RECORDED DATA
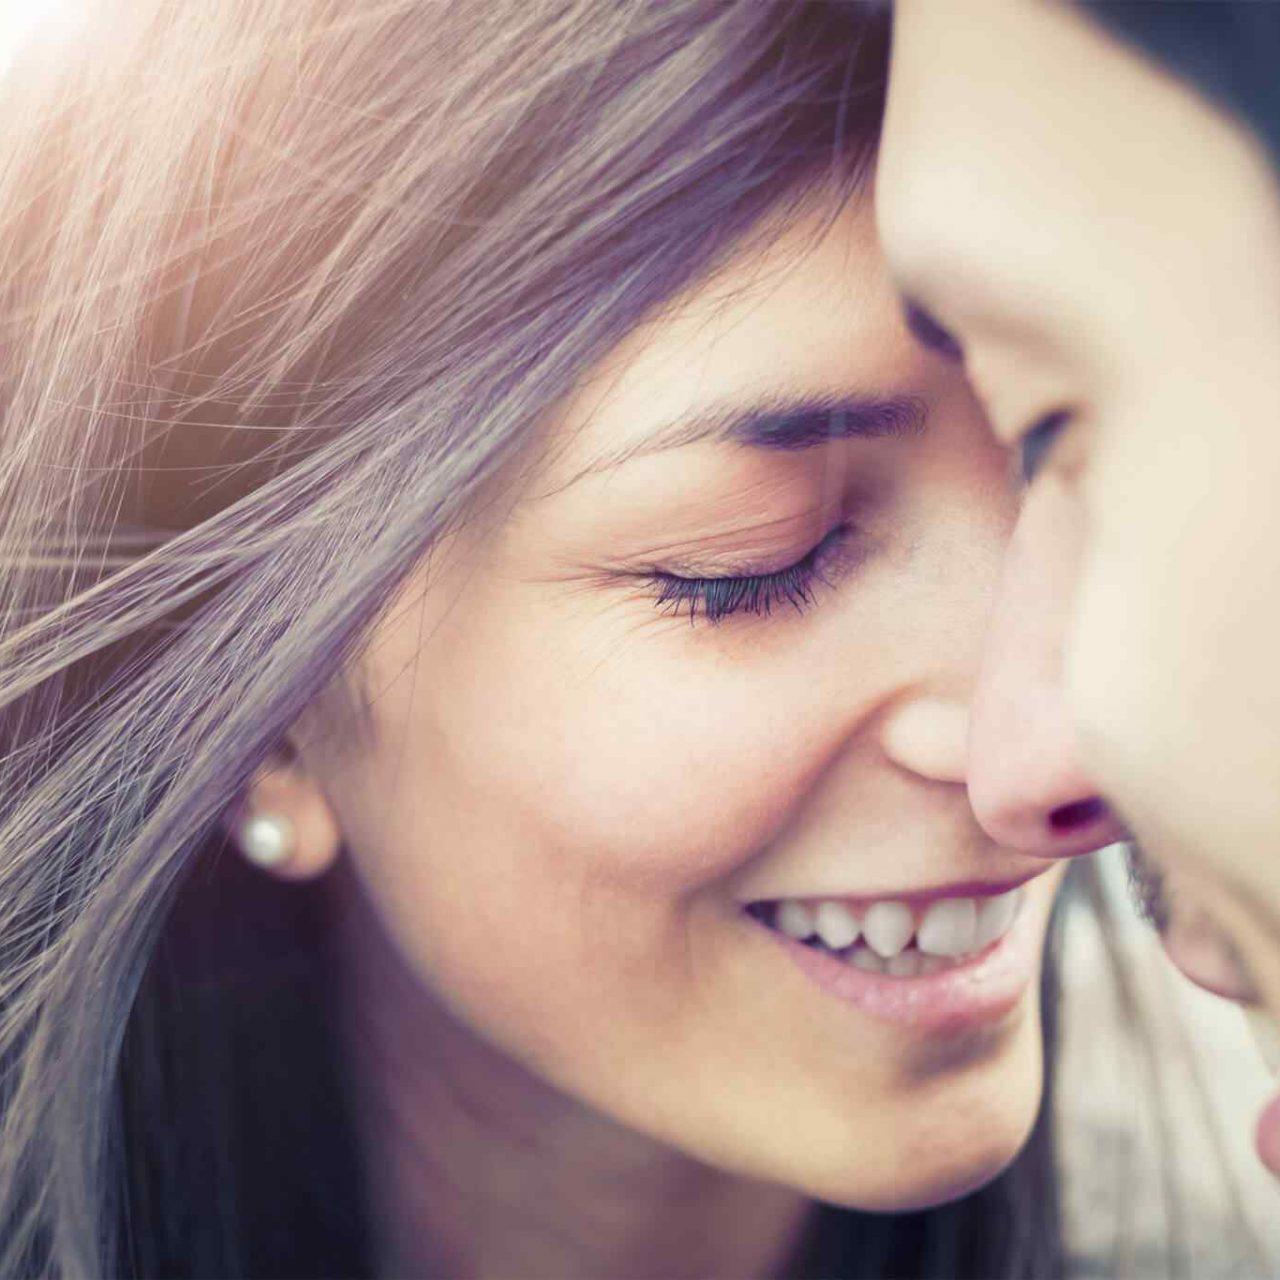 http://www.solucoaching.com/wp-content/uploads/2018/01/img-class-marriage-01-1280x1280.jpg
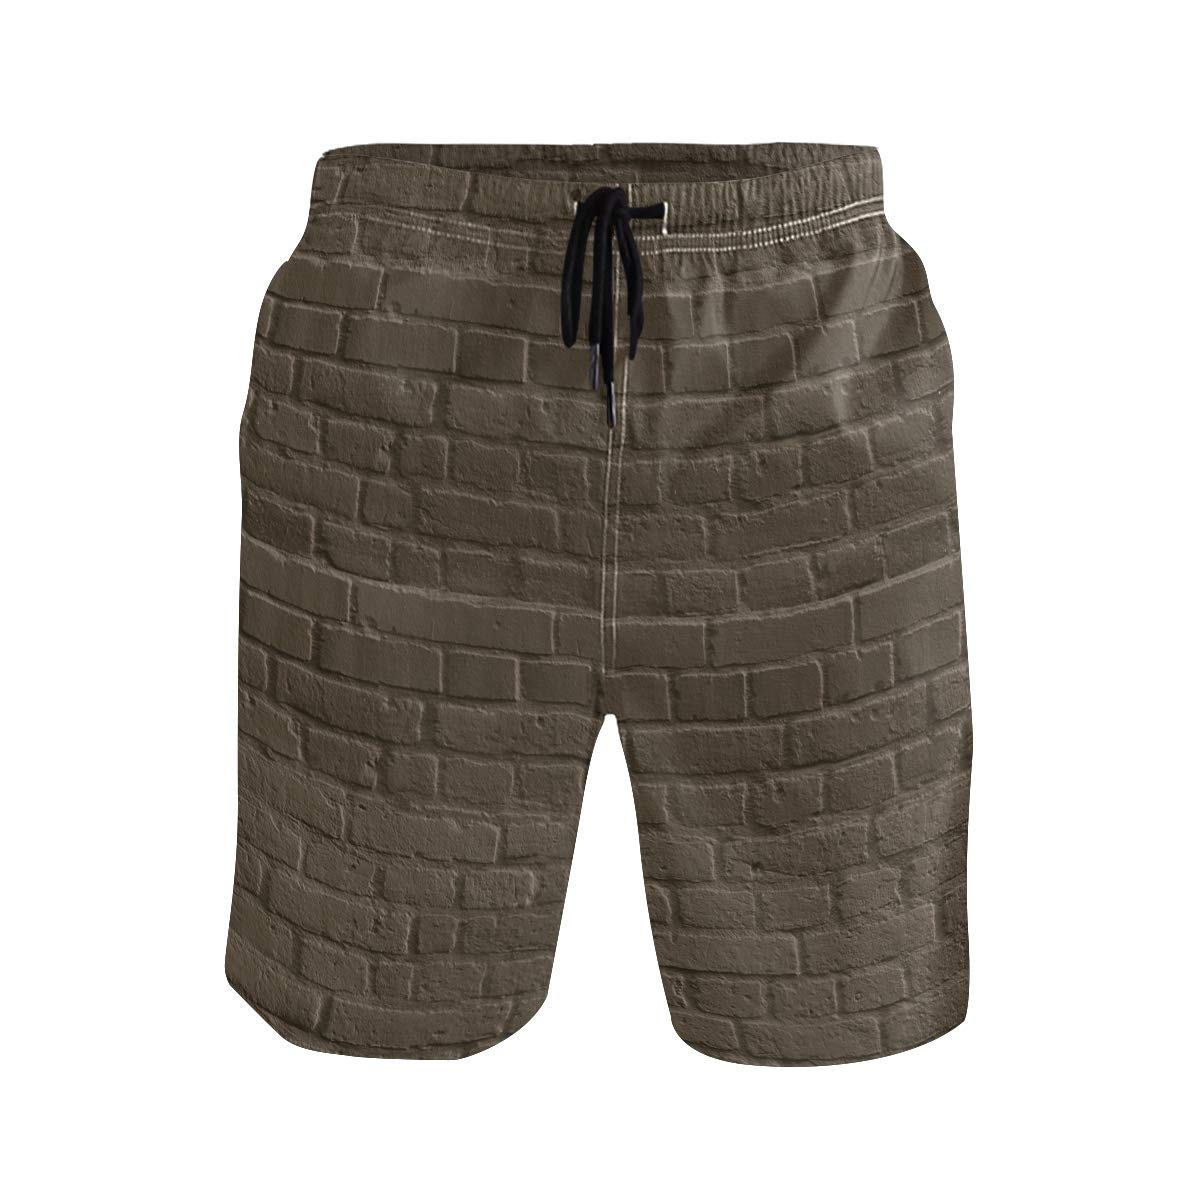 Mens Beach Swim Trunks Brick Wall Seamless Texture Boxer Swimsuit Underwear Board Shorts with Pocket
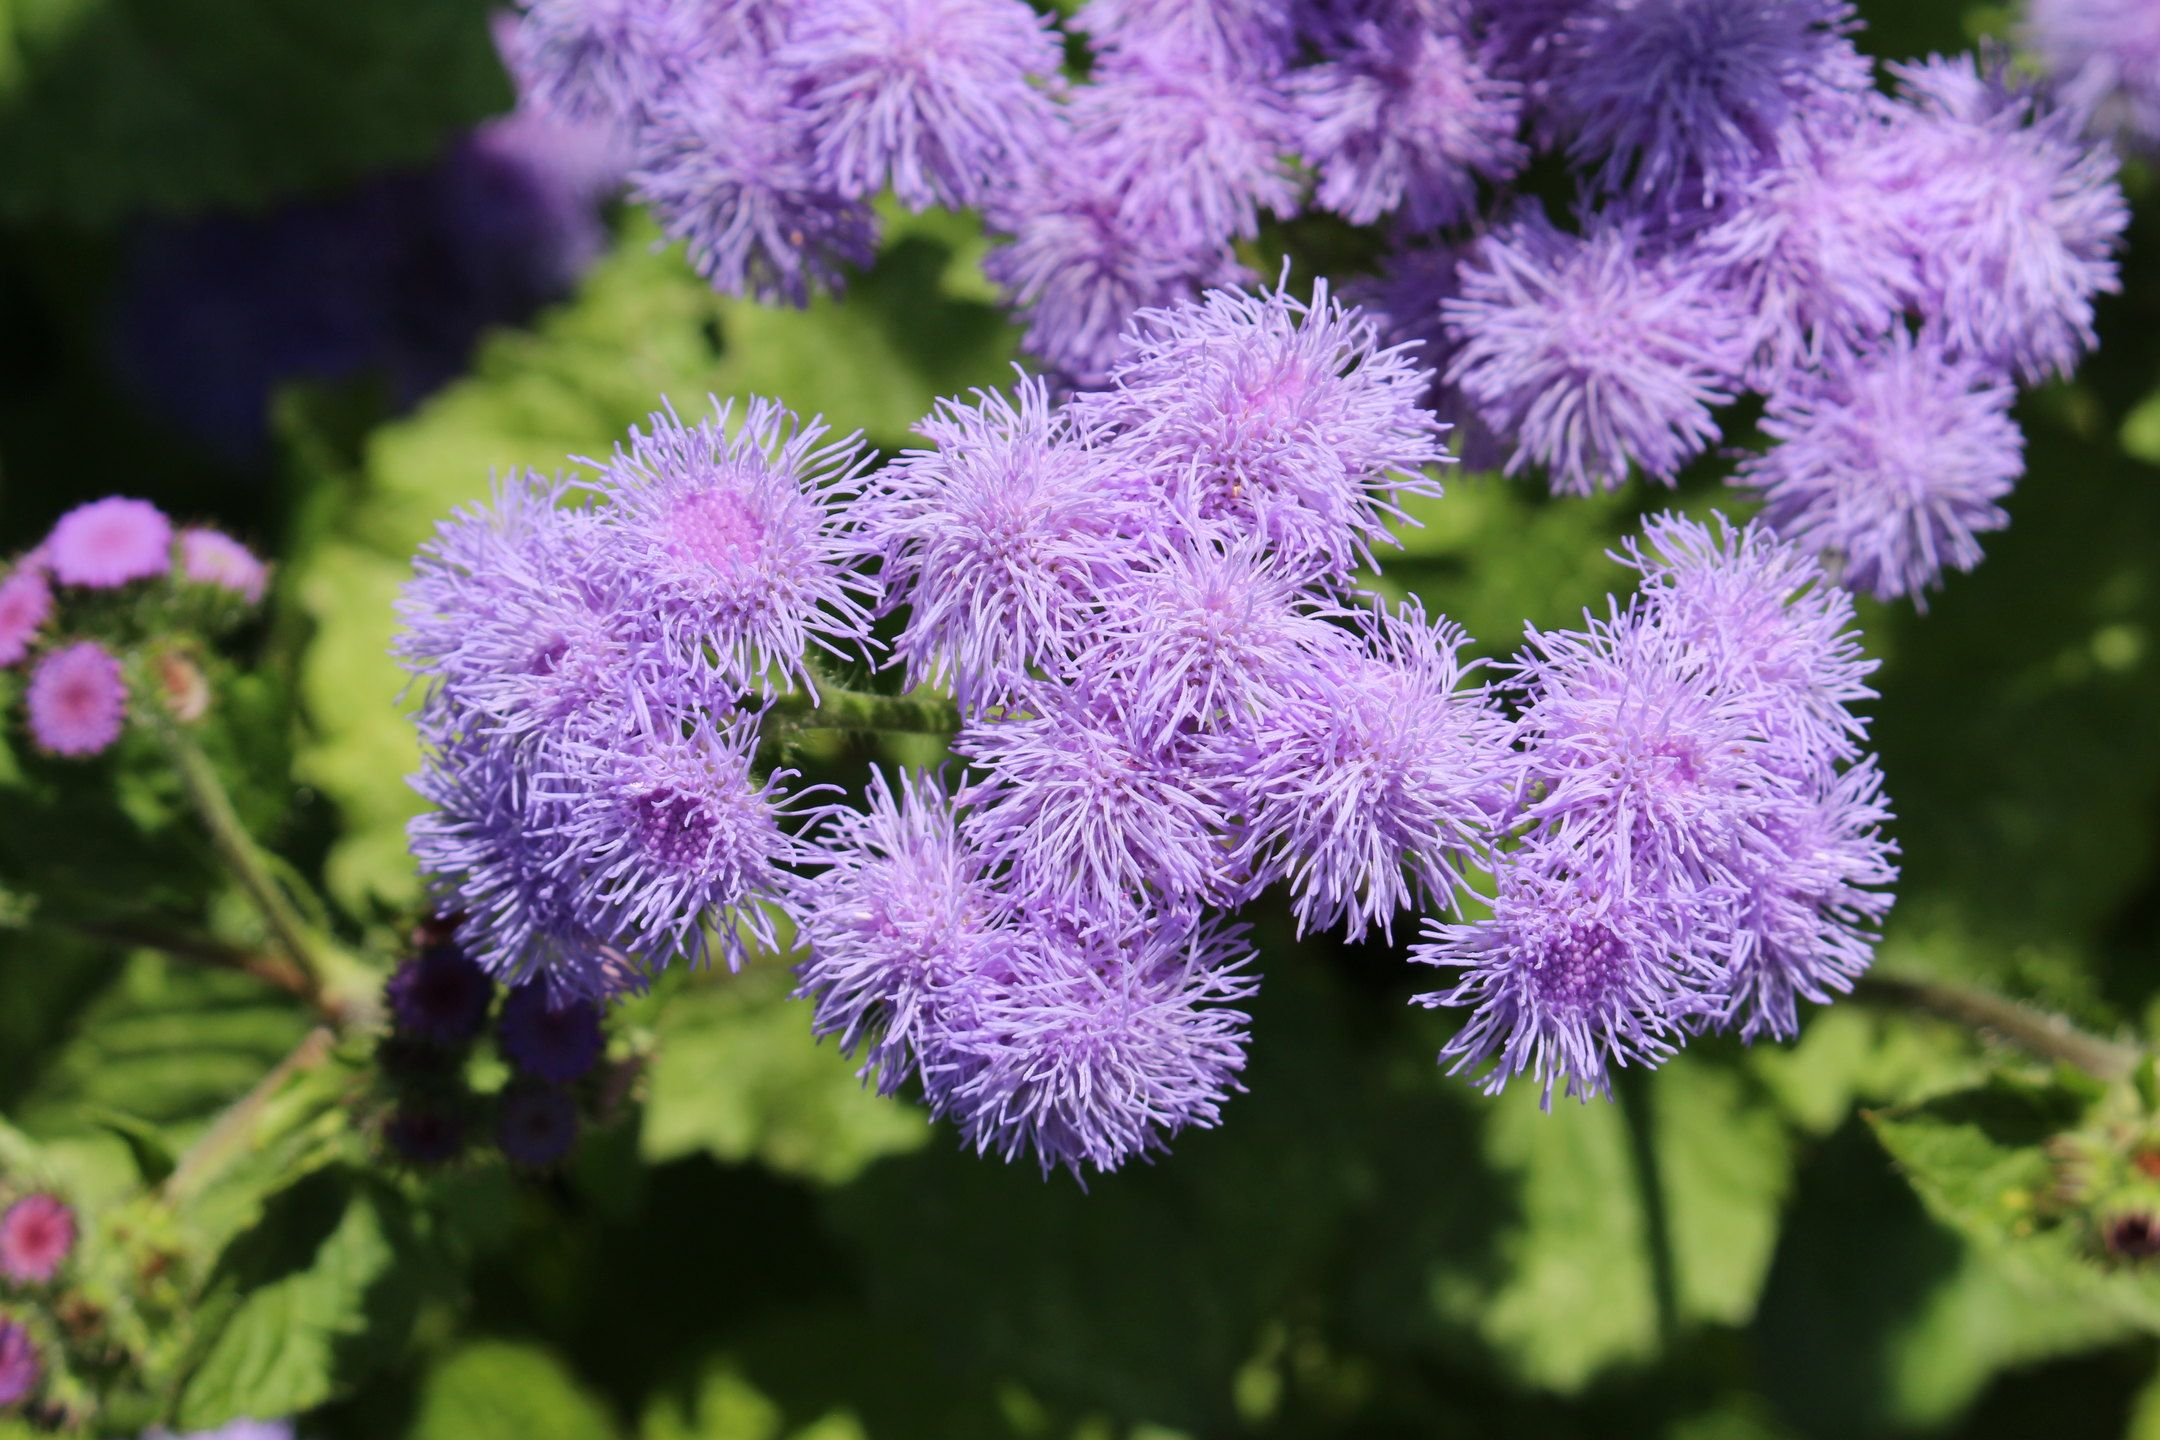 Bluemink Garden Blooming Floss Flowers In 2020 Annual Flowers Flower Seeds Organic Plants

WORK REQUIRED
Output nothing but the lines from the one containing "Mens Beach Swim" to the end of the listing, both ends included, reproduced exactly. Pictures stay out.

ANSWER SPACE
 Mens Beach Swim Trunks Brick Wall Seamless Texture Boxer Swimsuit Underwear Board Shorts with Pocket
 Bluemink Garden Blooming Floss Flowers In 2020 Annual Flowers Flower Seeds Organic Plants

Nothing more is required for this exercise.